Skurriles Wesen: Ein 100 Millionen Jahre alter Bernsteinklumpen aus Myanmar hat ein Raubinsekt mit ungewöhnlichen Beutefang-Strategien konserviert. Das wanzenähnliche Tier besaß gestielte Augen, die ihm eine 360-Grad-Sicht ermöglichten und beim Aufspüren von Beute halfen. Um diese dann zu fangen, nutzte die Urzeit-Raubwanze ihre mit klebrigem Harz bedeckten Vorderfüße. Ein ungewöhnlich langer Stechrüssel diente zum Aussaugen der Beute. Wegen dieser ungewöhnlichen Merkmalskombination ordnen die Forscher das Insekt sogar in eine eigene, neue Familie ein.

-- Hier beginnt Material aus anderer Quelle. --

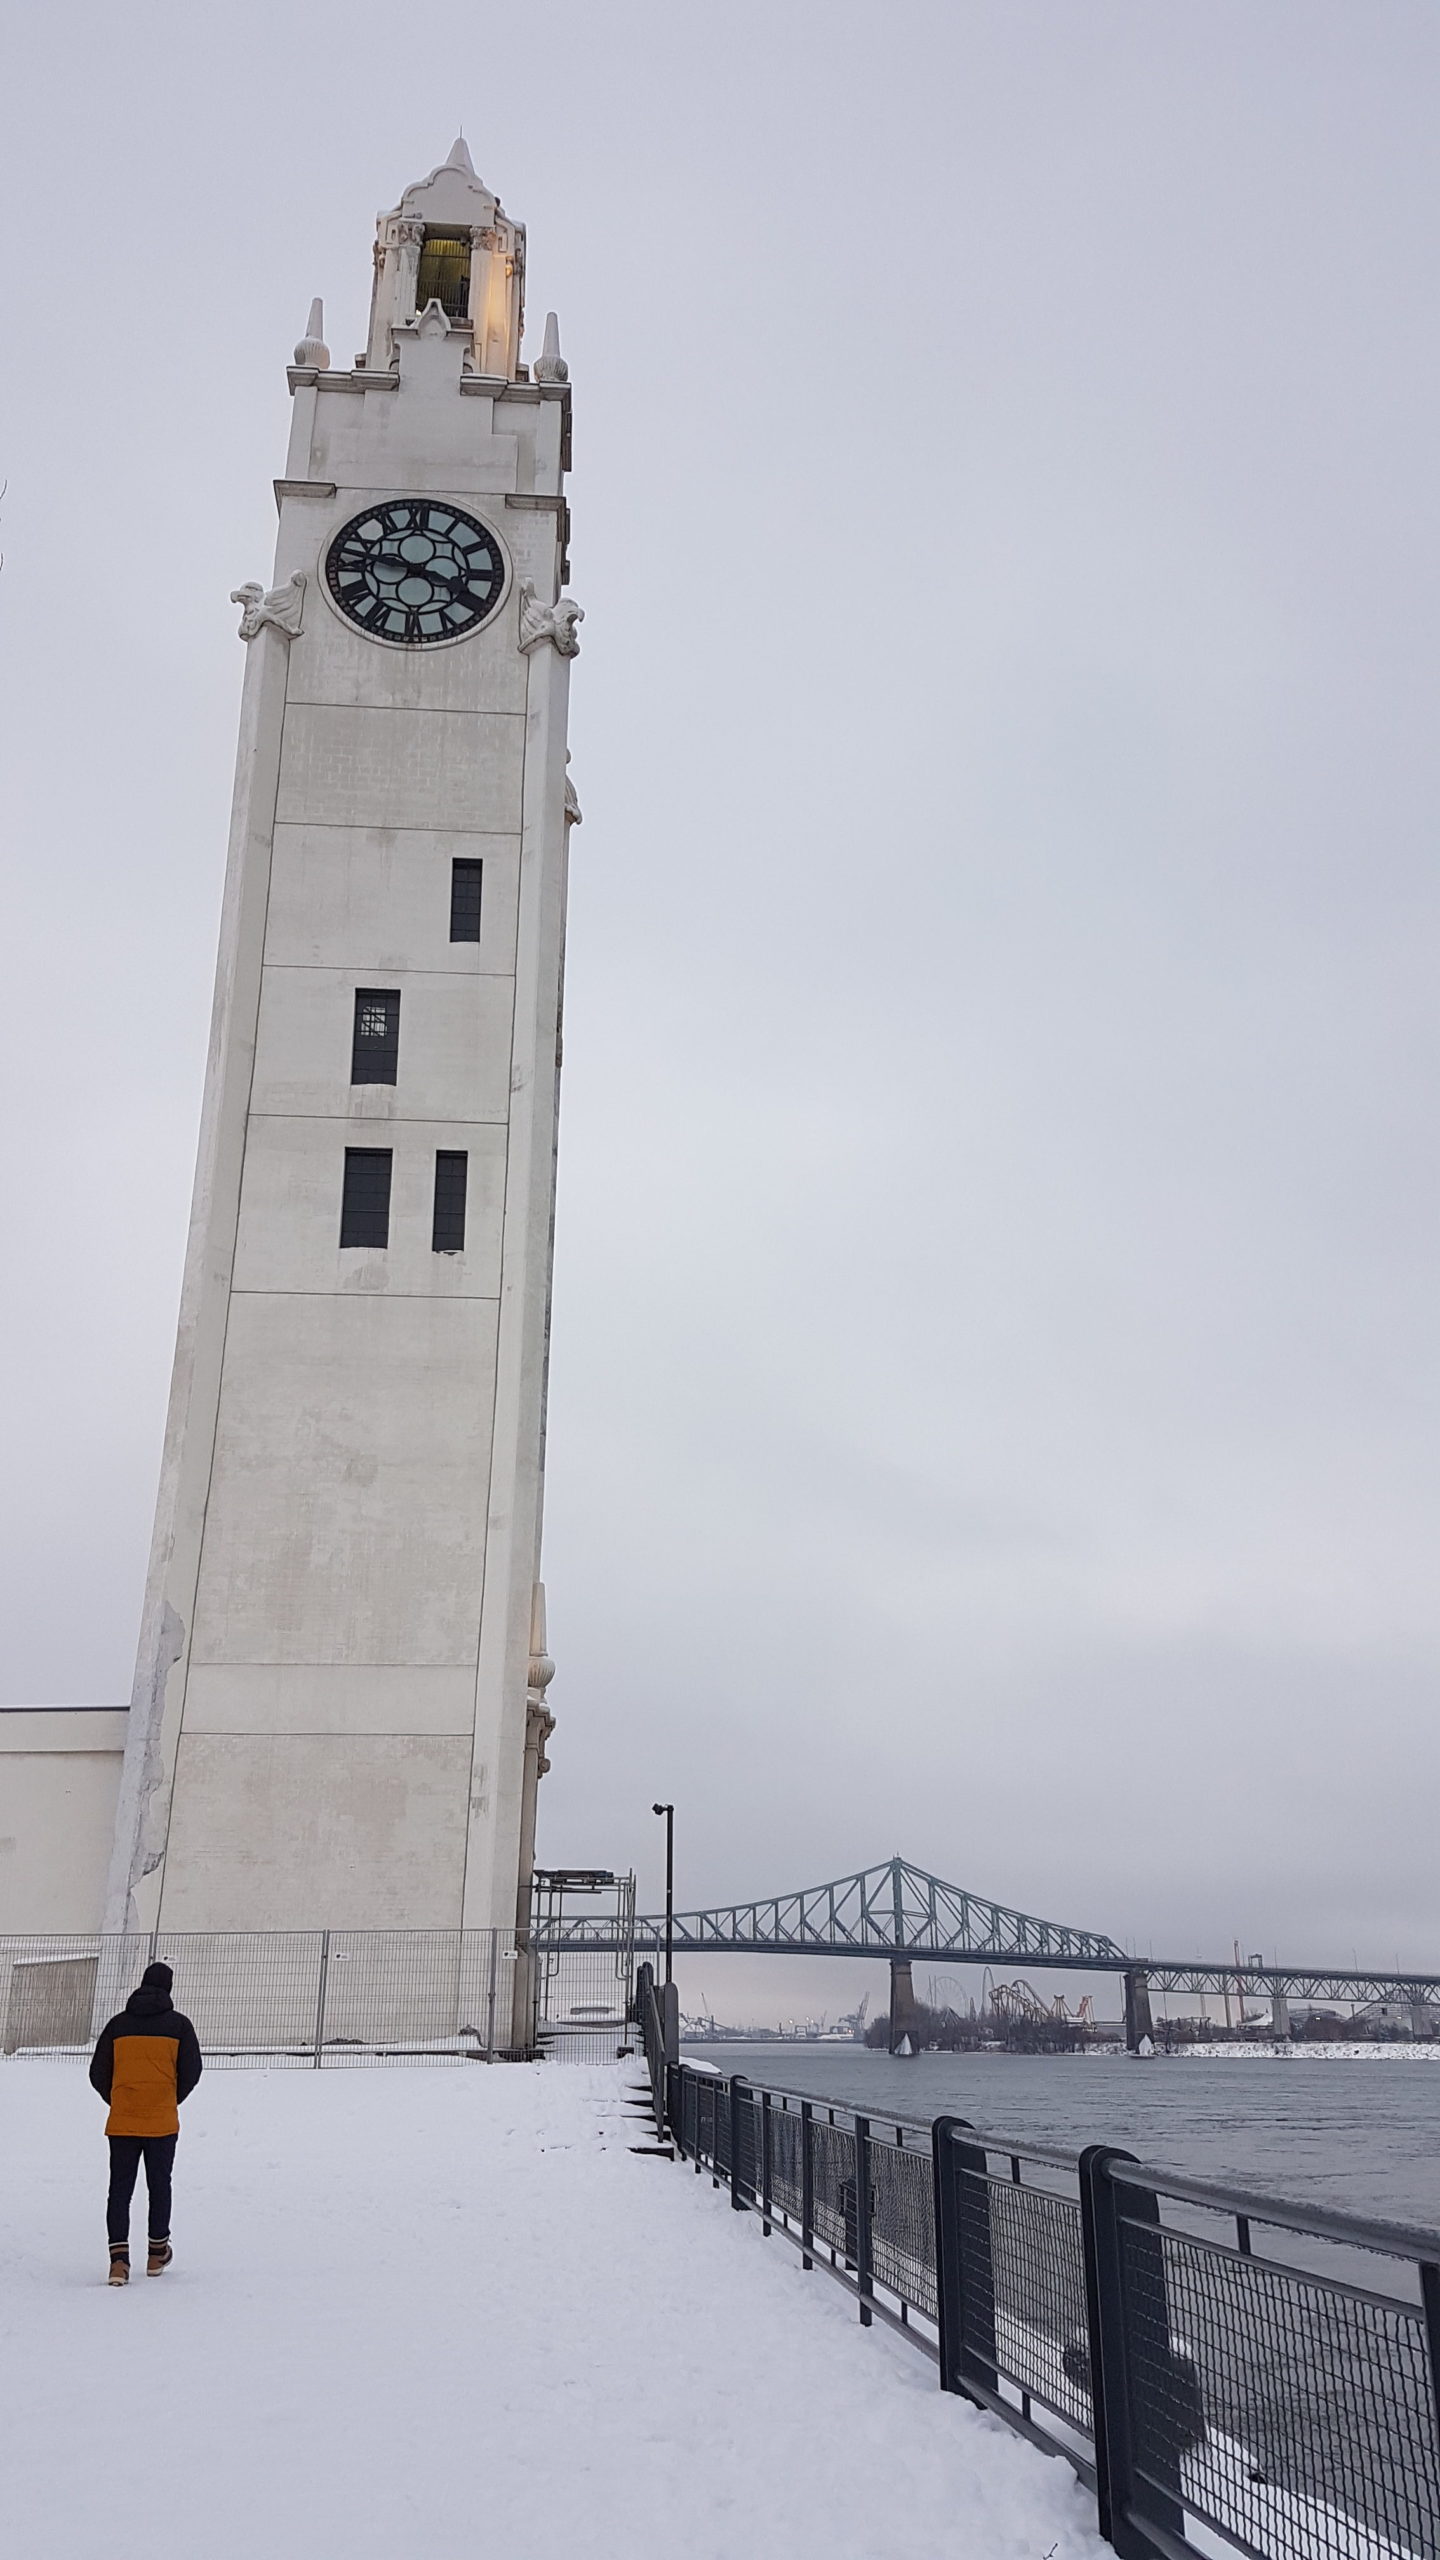 L'horloge du vieux port de Montréal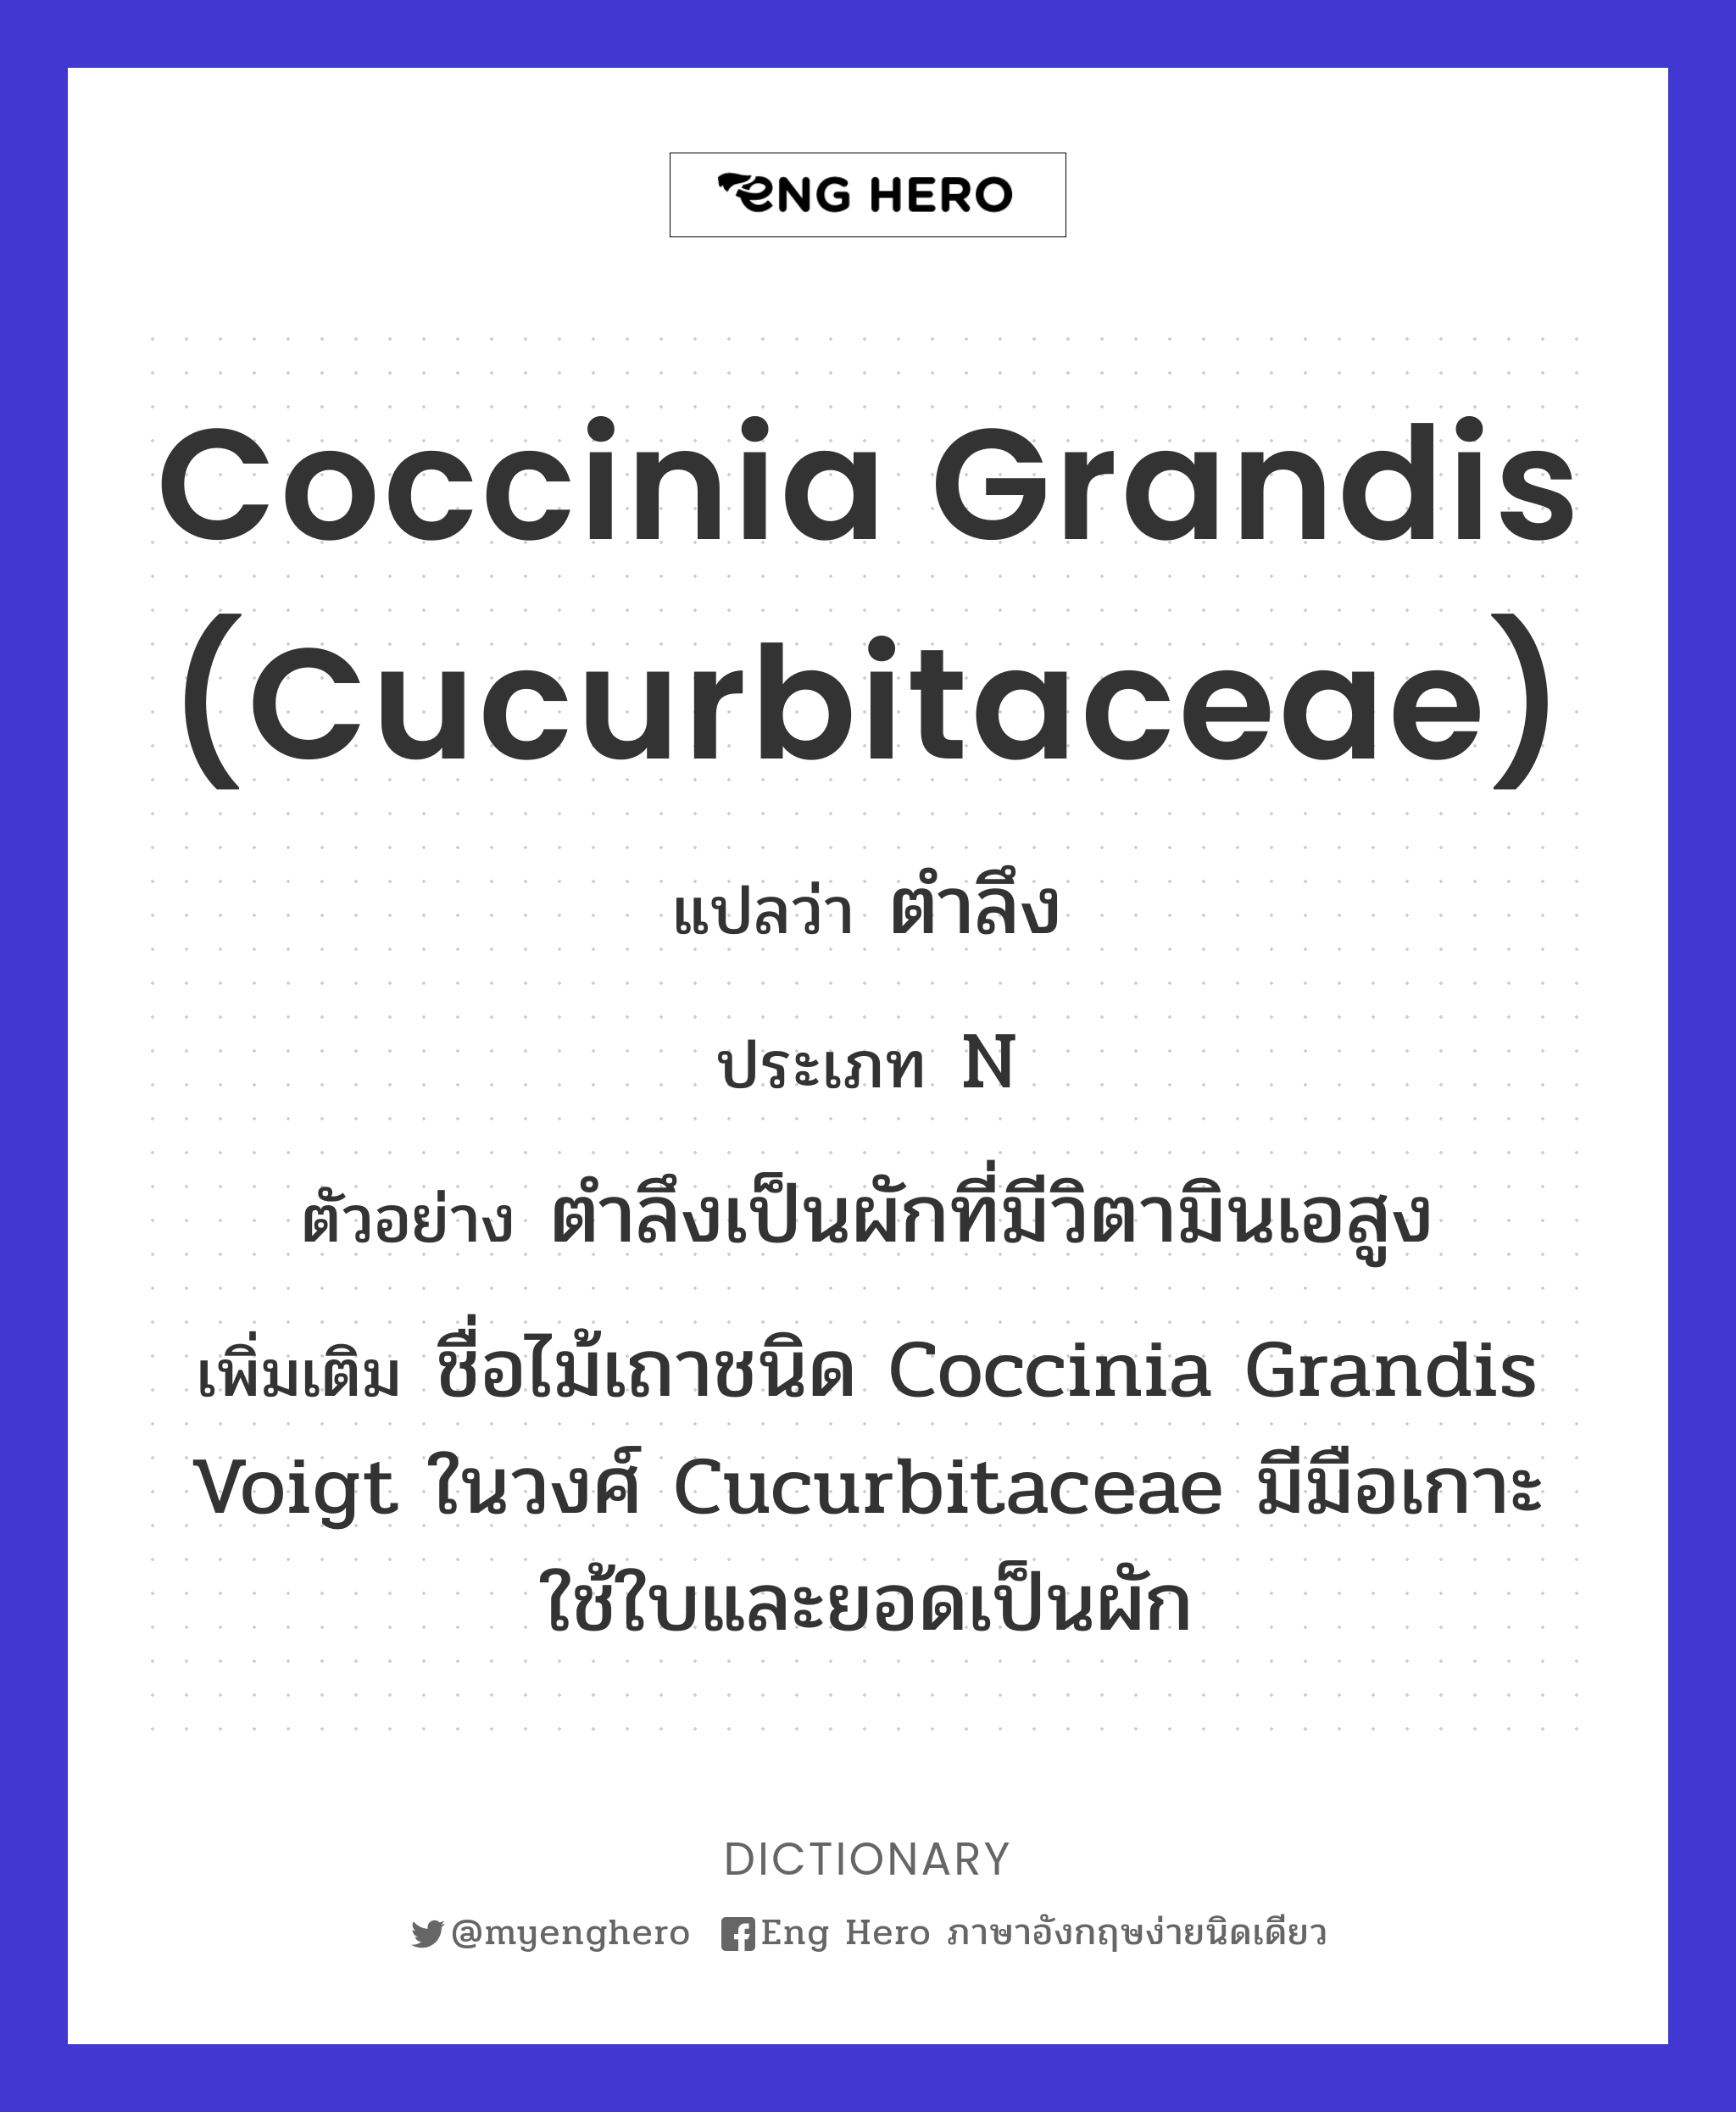 Coccinia grandis (Cucurbitaceae)

Bernstein ist eine Zeitkapsel: In dem erstarrten Baumharz können Pflanzenteile und Tiere über Jahrmillionen nahezu perfekt konserviert bleiben. Selbst Miniatur-Dinosaurier, fragile Blüten und die ältesten Spermien der Welt wurden schon in Bernsteinklumpen gefunden. Wissenschaftlern ist es auch schon gelungen, DNA aus in Bernstein konservierten Insekten zu extrahieren – allerdings waren diese erst wenige Jahre alt. Ob es eines Tages gelingen könnte, beispielsweise Erbgut von Dinosauriern aus Bernstein zu gewinnen, ist weiterhin eher fraglich.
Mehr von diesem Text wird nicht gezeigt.